El bozo del membrillo

Las cosas más difíciles sobre las cuales escribir, dejando aparte a Dios, son la comida y el sexo. De Dios ya tenemos asimilado que sólo se pueden decir metáforas enloquecidas o tonterías sin fundamento pero sobre lo otro, sobre lo de comer y follar, la idea de callar no termina de calar. Así en las bibliotecas viejas los más de los metros los ocupaba la teología, y con el tiempo llegó el momento en el que los libros eran sólo vehículo de tórridas escenas de erotismo o directamente sexo. Luego el vídeo, que sabemos que mató también a la estrella de la radio, mató completa y definitivamente a la literatura erótica. De ella quedan una docena de clásicos para nostálgicos y un par de epígonos despistados como el ex ministro González-Pons; gente que sigue mentalmente en el XIX e insiste en escribir turgente, violáceo, bálano y ebúrneo. Es por ello que los inasequibles, los que insistimos en hablar de los temas inefables, aquellos de los que mejor callar, nos vemos reducidos a la comida o, los más osados y que más han vivido, a las experiencias con las drogas.

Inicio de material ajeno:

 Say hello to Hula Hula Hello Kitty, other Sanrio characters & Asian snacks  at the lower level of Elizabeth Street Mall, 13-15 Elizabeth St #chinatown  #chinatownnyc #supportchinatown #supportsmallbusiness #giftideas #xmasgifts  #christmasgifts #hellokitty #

Don Alvaro Cunqueiro, obispo lego de Mondoñedo, no hablaba mucho de sexo, ni en alabanza ni en execración. Si acaso, así levemente y de pasada, podía comentar los amores de un Caballero con una Sirena. Pero al Sr Obispo de la Literatura le gustaba comer y de la comida sí hablaba. Es más, cuando Cunqueiro hablaba, estuviese donde estuviese, el mundo a su alrededor se convertía en una sobremesa; en una agradabilísima sobremesa de esas en las que saciados los apetitos se habla de cosas, casos y gentes lejanas, se evocan instantes vividos, leídos o simplemente imaginados y se recuerdan amigos perdidos y conjuntas hazañas pasadas.

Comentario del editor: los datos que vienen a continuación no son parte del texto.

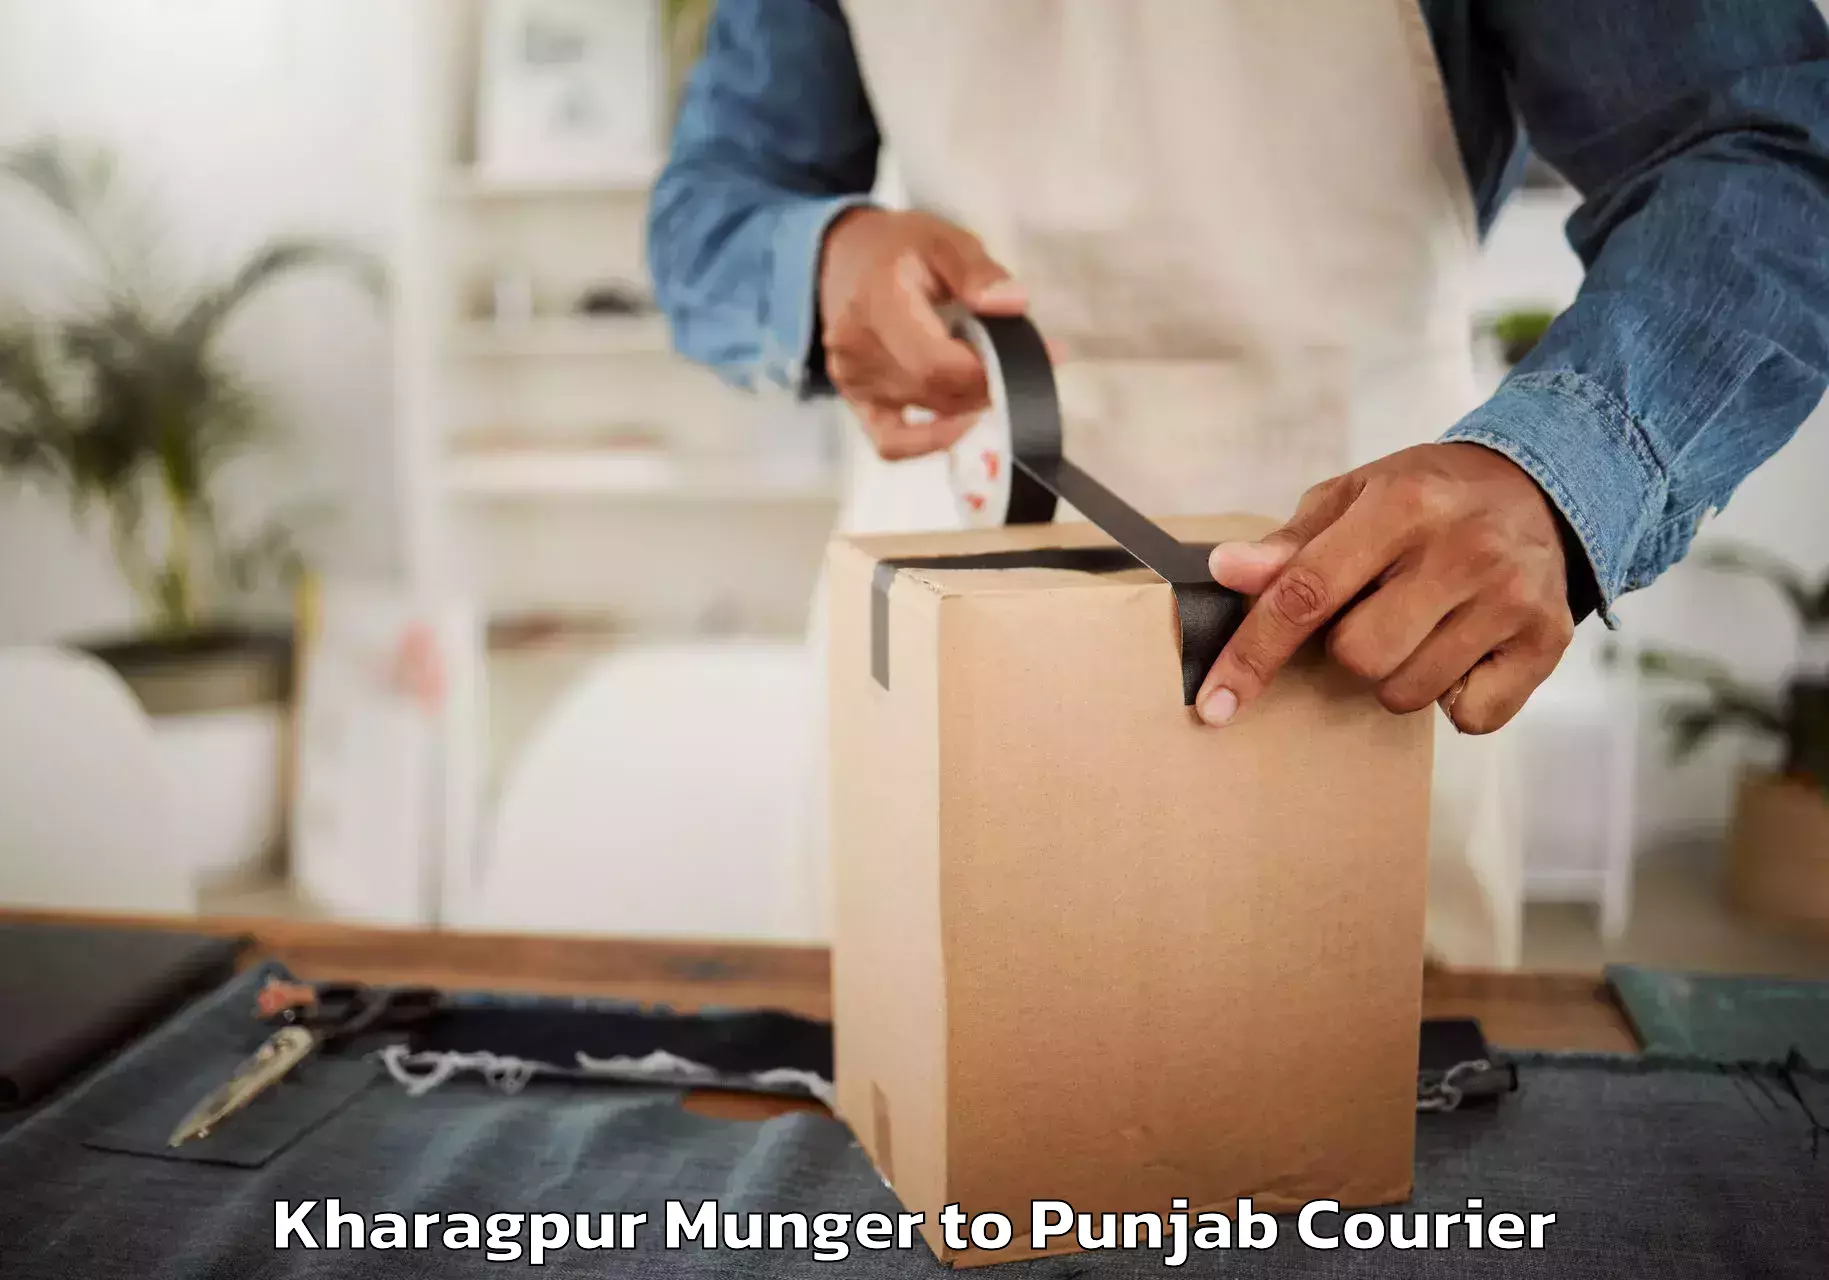 Professional movers and packers Kharagpur Munger to Sultanpur Lodhi

El otro día, alargando una sobremesa comiendo pipas, acabamos viendo en el móvil un fragmento de entrevista a Don Alvaro en la que contaba lo mucho más sabrosa que resulta la nécora si sabe uno que su linneano nombre es portunus puberPortunus por el dios romano protector de puertas y puertos, representado siempre con una llave en la mano; y puber porque la nécora viene recubierta de un pelillo que recuerda el bozo de los mozos púberes. Efectivamente saber ese tipo de cosas inútiles pero bellas añade el misterio de lo antiguo y de lo siempre repetido al sabor marinero, portuario, de esos por otra parte anodinos cangrejos peludos de las rías. 

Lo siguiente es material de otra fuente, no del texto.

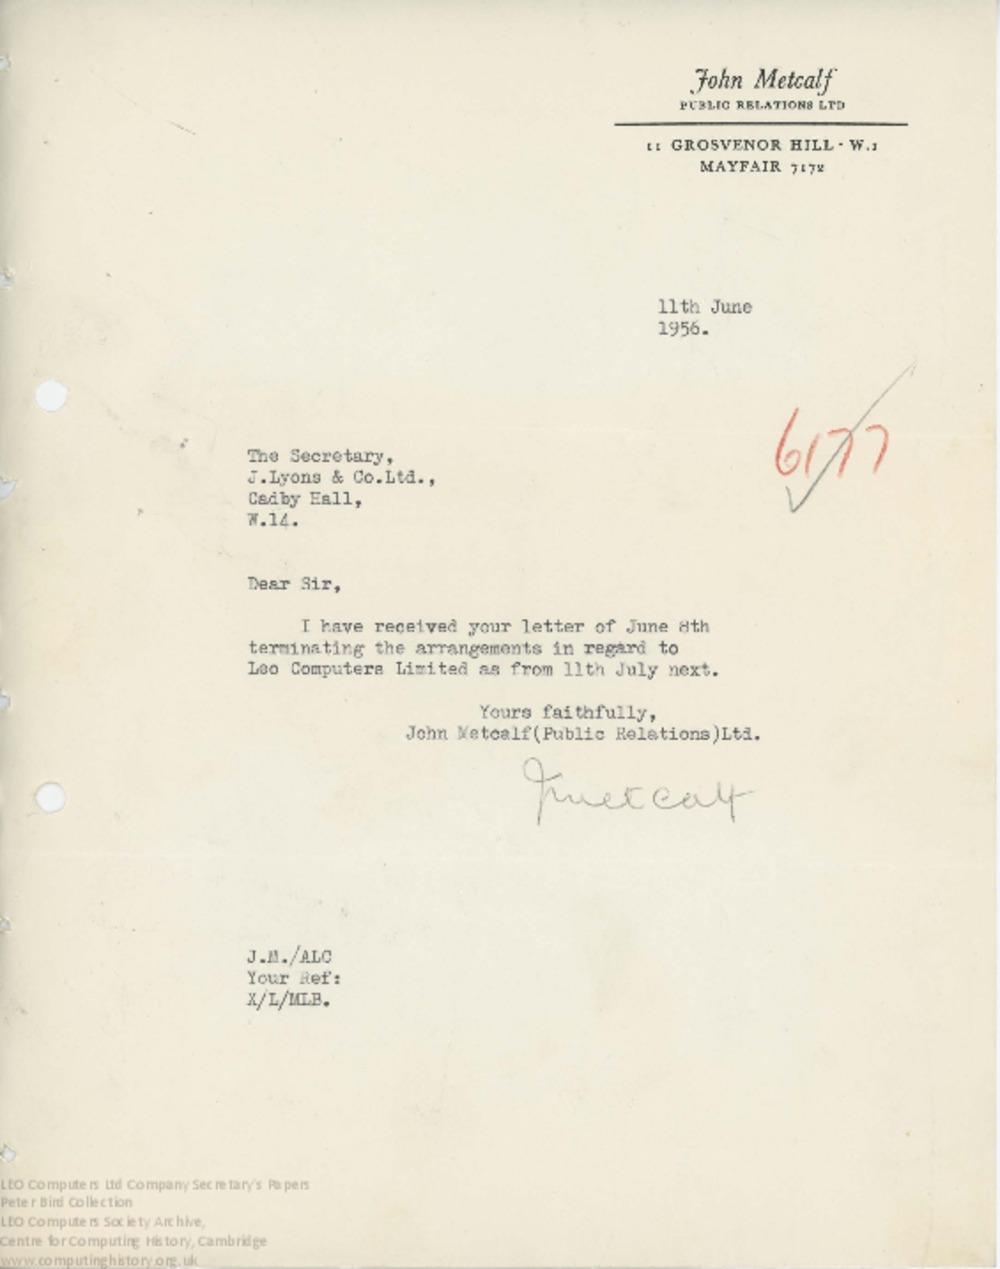 Article: 62447  Termination of Public Relations services, 11 June 1956

Añadía Cunqueiro en esa entrevista de sobremesa la historia del melocotón y del libro sobre los conocimientos inútiles del señor Russell y lo mucho más sabrosos que resultan todos los alimentos si sabe uno sus sorprendentes historias. Contaba el mindoniense con esa voz ilusionada de prosodia pausada cómo tras una batalla contra los muchos chinos el rey Janyska de la India mandó plantar los huesos que llevaban en el zurrón unos prisioneros; huesos que andando el tiempo dieron en madurar melocotones. Y cómo de la India pasaron al Oriente Medio, al pérsico, desde donde llegaron a Grecia, es decir a Europa, y que por eso acabamos llamándolos albérchigos o pejigos, del griego persikon, los pérsicos. Hay quien dice que la palabra melocotón viene del latín malum cotoneum, manzana algodonosa, pero esto más bien parece un goropismo porque cotoneum es el membrillo. Quince, coing, membrillo, la fruta del amor que las muchachitas griegas, con esas insinuantes túnicas pegadas al cuerpo, entregaban a los mozos púberes que marchaban a la guerra medio en pelotas. El melocotón sería así para los romanos algo como un híbrido de membrillo y manzana, parecido que tiene sentido porque el membrillo y el melocotón, y ya puestos también la nécora, comparten el bozo de los púberes enamorados que marchan animosos a las Termópilas, a sitiar Troya o a conquistar el mundo con Alejandro el Magno. Como el membrillo en griego es melimelón o manzana dulce eso nos deja, tras el típico ir y volver de las palabras más bellas, en que el melocotón sería la manzana-manzana-dulce.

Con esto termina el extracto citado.